I first came across this type of lift ticket in February 2005 at Sugarloaf. Personally I like the sticky ticket better, it does not flap around. Doesn't this ticket make ski areas more vulnerable to theft of services?, especially since it is pretty easy to find the cable ties that the ski areas use.

I can recall plenty of times skiing at Killington, and quitting early in the day that people would want to buy my ticket. I never did this because it is against the law and I collect all of my tickets. Sticky tickets make this practice alot harder to do.


----------



## tekweezle (Mar 6, 2006)

loafer89 said:
			
		

> Doesn't this ticket make ski areas more vulnerable to theft of services?, especially since it is pretty easy to find the cable ties that the ski areas use.



probably not but only because they already sold the ticket and made their money on it.  maybe it makes it easier for you to sell your ticket in the parking lot.  however, are you going to buy a ticket off someone in the parking lot that says "good for 4 out of 5 ski days" with the expiration date being today?  i;d be hesitant because there is always the fear that the ticket is already expired.

the sticky tickets probably had a higher degree of theft or fraud because the ink on them could be prone to running or smearing in bad weather.  i am sure plenty of people went to guest services all the time complaining that their ticket ripped off in a bad fall.


----------



## highpeaksdrifter (Mar 6, 2006)

loafer89 said:
			
		

> I can recall plenty of times skiing at Killington, and quitting early in the day that people would want to buy my ticket. I never did this because it is against the law and I collect all of my tickets. Sticky tickets make this practice alot harder to do.

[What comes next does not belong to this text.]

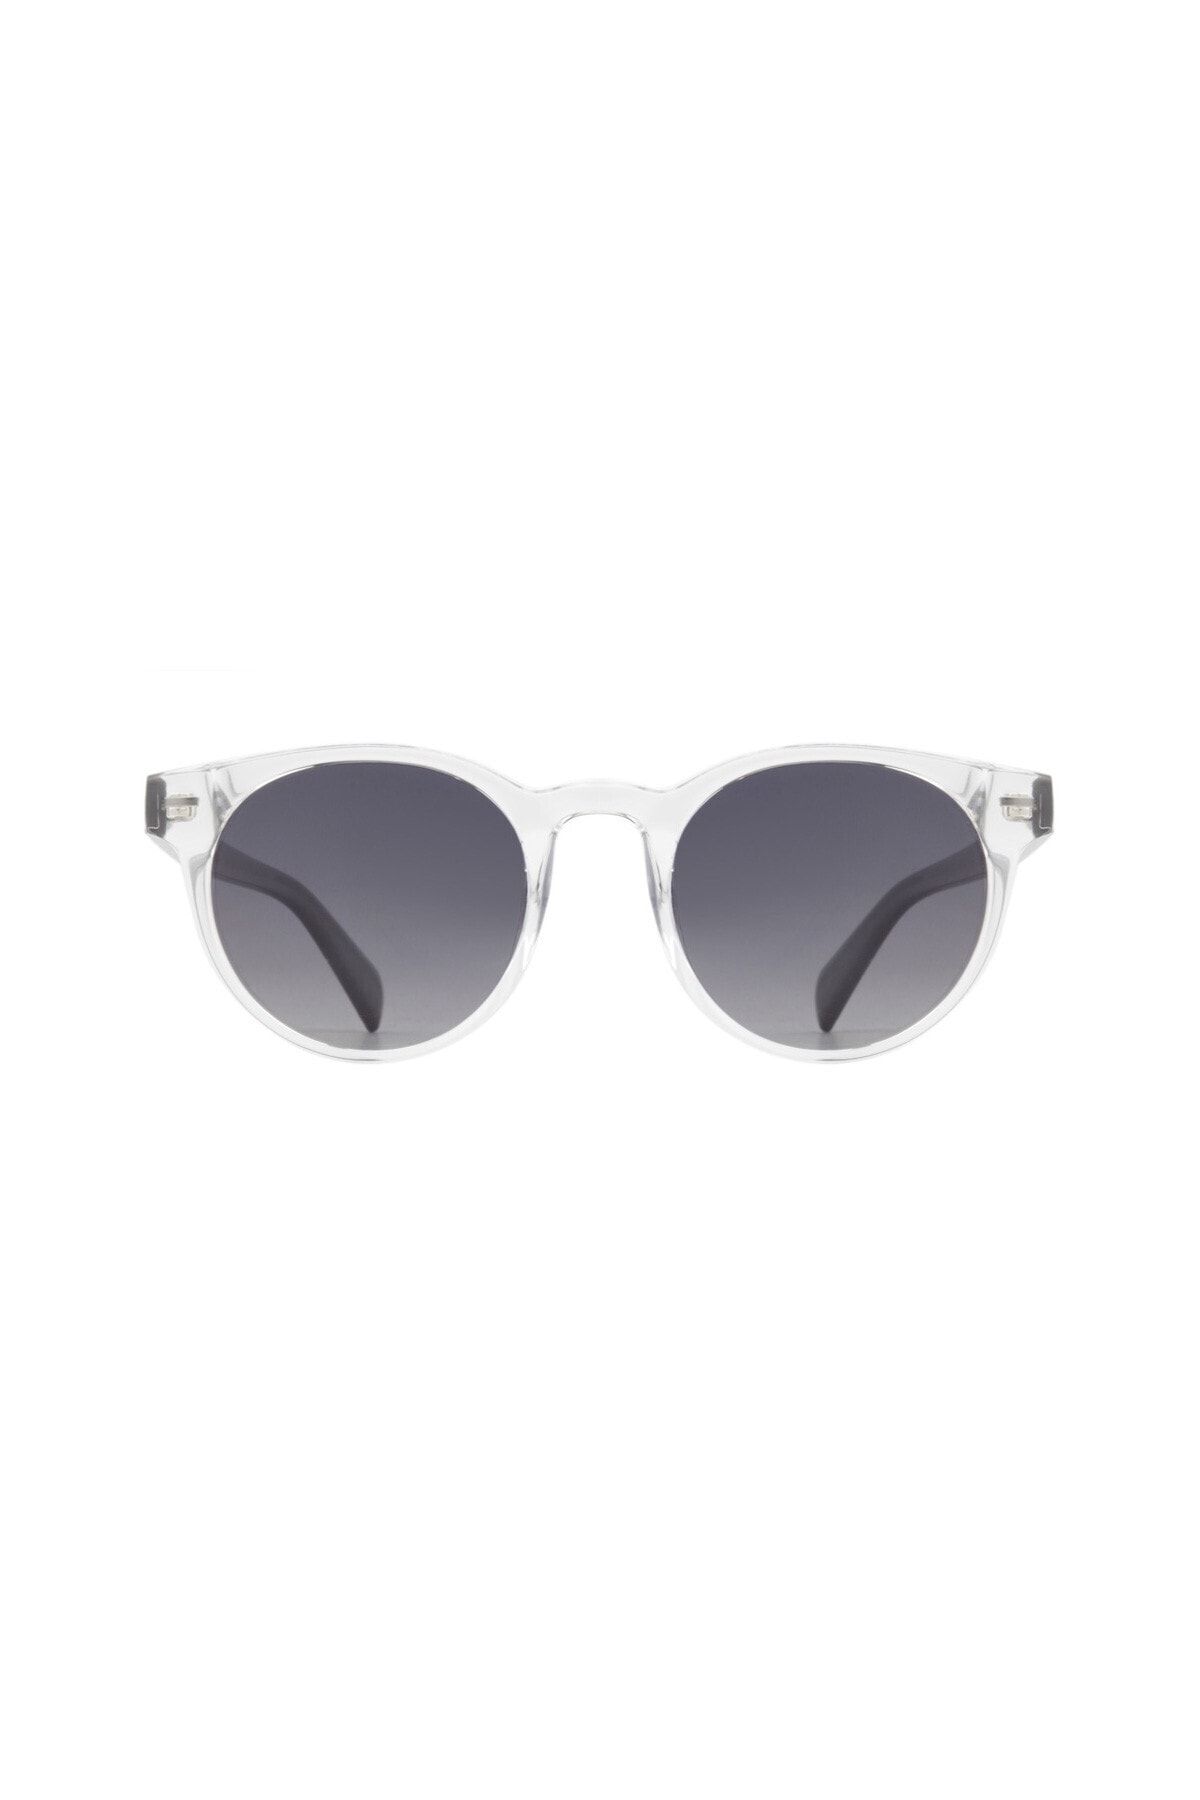 Benx Sunglasses Unisex Güneş Gözlüğü Bxgünş9251-01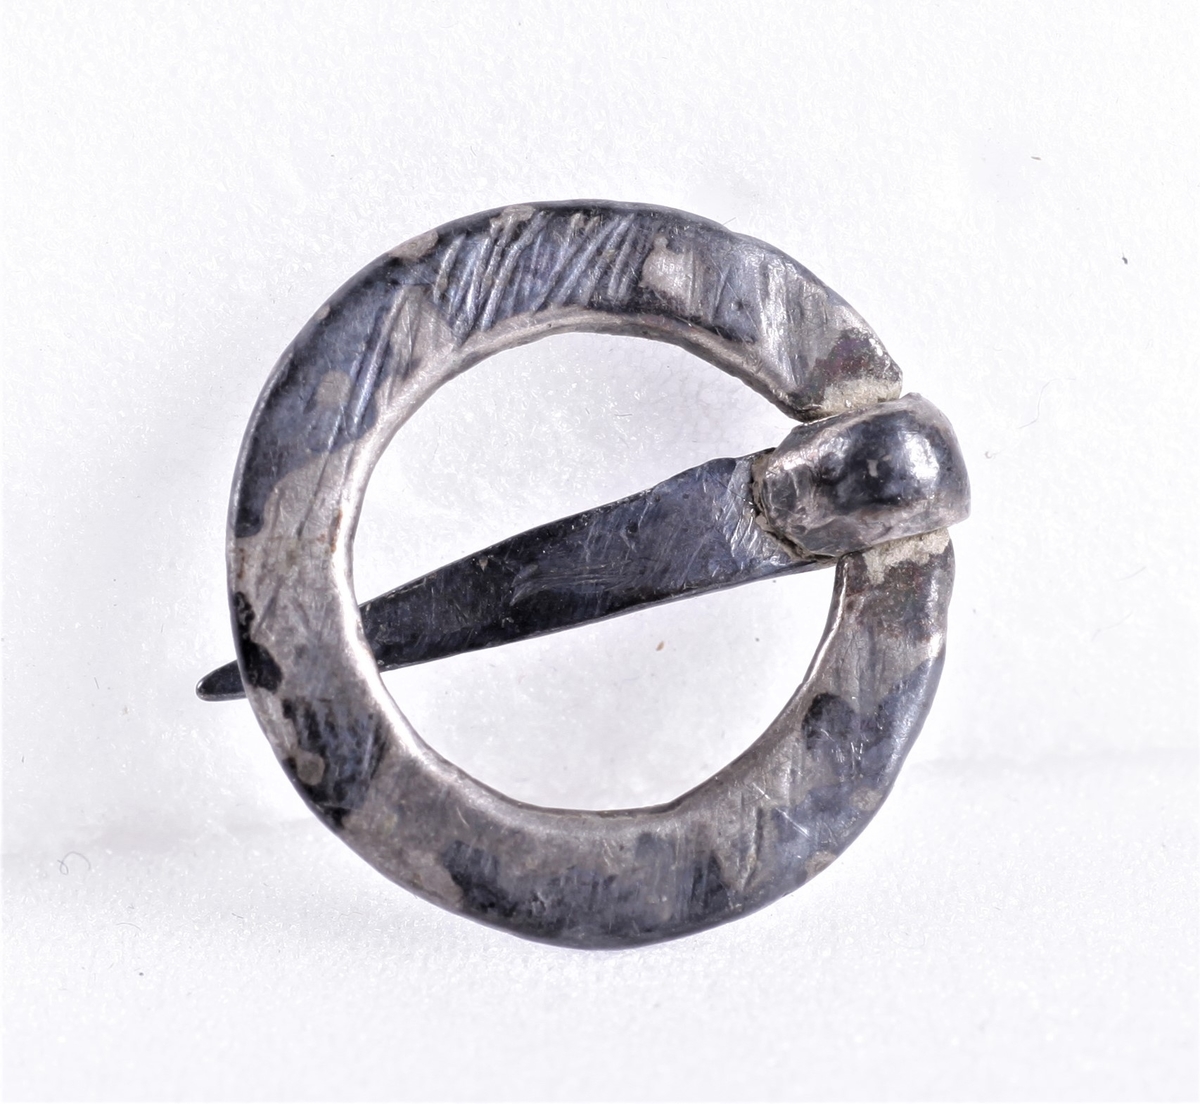 Tre små spenner eller spretter, a) hjerteformet sølv, b) hjerteformet messing, c) ringformet sølv.

I never thought of that, but it is true for sure. Just cut the plastic wicket and put a new one through the hole.


----------



## tekweezle (Mar 6, 2006)

probably their justification for charging something like 72$ per lift ticket now at the window.  they probably accept that some sort of used ticket selling is going to happen no matter what.


----------



## Bumpsis (Mar 6, 2006)

*share a ticket ?*



			
				loafer89 said:
			
		

> I can recall plenty of times skiing at Killington, and quitting early in the day that people would want to buy my ticket. I never did this because it is against the law and I collect all of my tickets. Sticky tickets make this practice alot harder to do.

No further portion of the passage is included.